Book CoverI've spent the last few weeks [ok, last few months] reading David Allen's Getting Things Done. It's been on my "should read" list for quite a while. References to Getting Things Done or GTD kept showing up in blogs I'd read or reviews of productivity software. So I finally got around to reading it and implementing at least some of it.

What's so great about GTD? There are essentially two main points. Get everything you need to do out of your head and put it down on paper.

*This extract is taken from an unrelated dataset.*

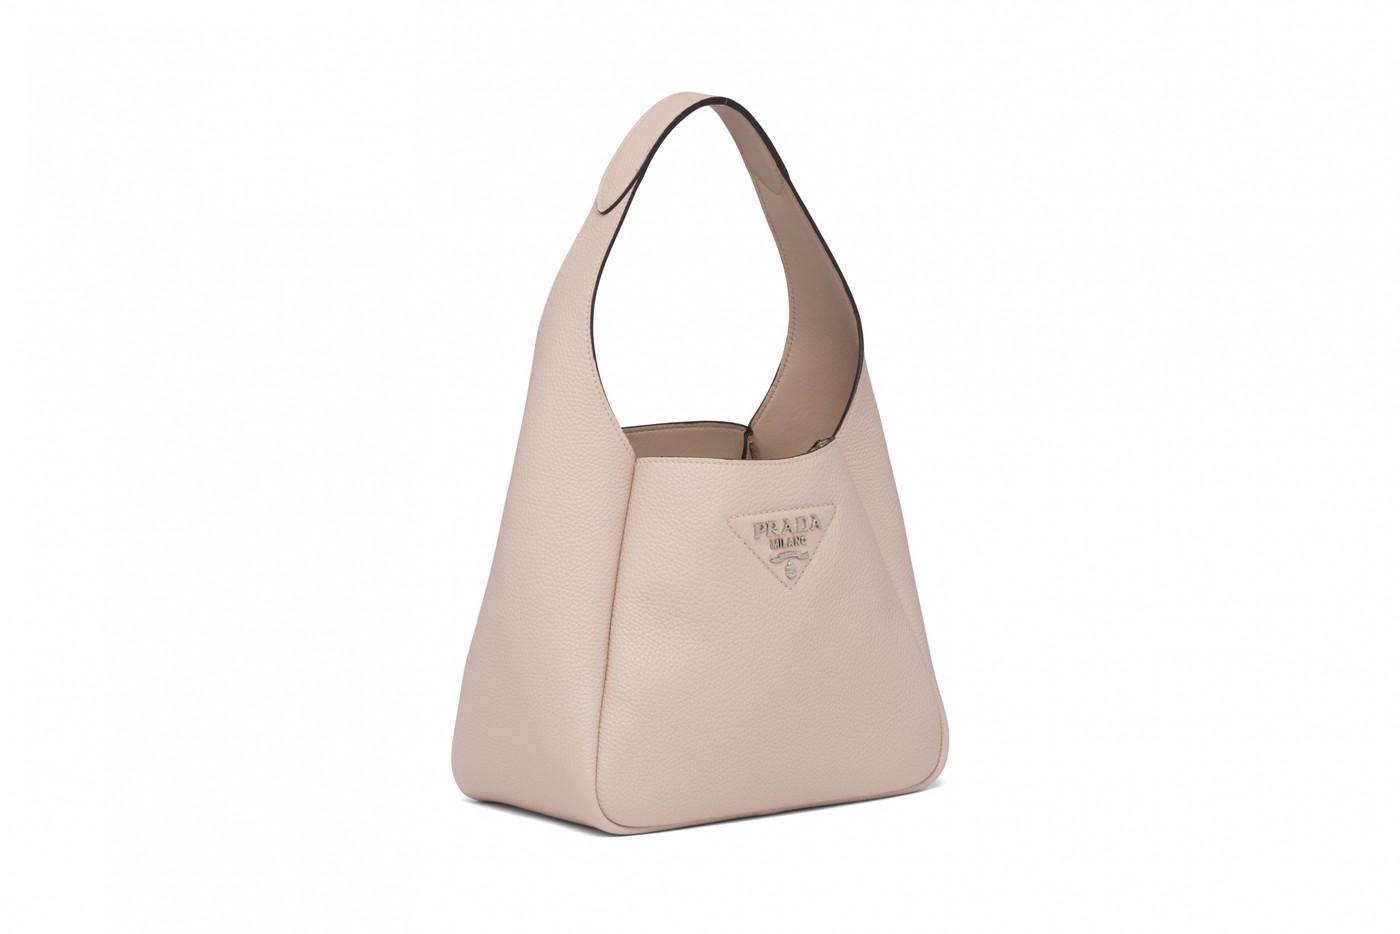 prada spring summer 2021 accessories collection cleo re edition nylon bag handbags

Before I started following this, I can't tell you how many times an hour I'd remember something I needed to do. Sitting in my car on the way home I'd remember things I needed to do at work. Or I'd be in the shower and remember that I needed more gas for the lawnmower. Or at dinner with my family and remember that I needed to buy a new tube of toothpaste. All those little reminders would just float around in my head. Some would make it into my Todo list on my Treo, but not enough. Now whenever I think of anything new I need to get done, it goes into my system. Most of the todo's go into my Treo, organized by context. So when I'm at the computer, I've got a list of emails to send and things to look up. Or when I'm at the hardware store, I've got a shopping list of whatever I've thought of over the past few weeks. Longer-term or bigger things go into a document on my computer for me to plan out the individual actions. Or in a pinch, I write it on an index card or scrap of paper and make sure I get it into my "system" as soon as I can.

The other big idea from GTD is to really figure out the "next action" of your todo items. Like "clean the house" isn't an action. It's a project. A project that'll never get started until you start with an individual action. Listing out the action steps on a project helps a lot. I've always done that for major projects, but I've never considered how not doing that for seeming little things like buying a new digital camera can stall that project. Without discovering actions like "research cameras online" first, that todo would just sit and sit on my list. I'd look at digital cameras whenever I was out, but never get around to making a decision because when I was online, it wouldn't occur to me to look up digital cameras.

There is more to the book than just those two points, but they're the big ones as far as I'm concerned. It's definately worth reading.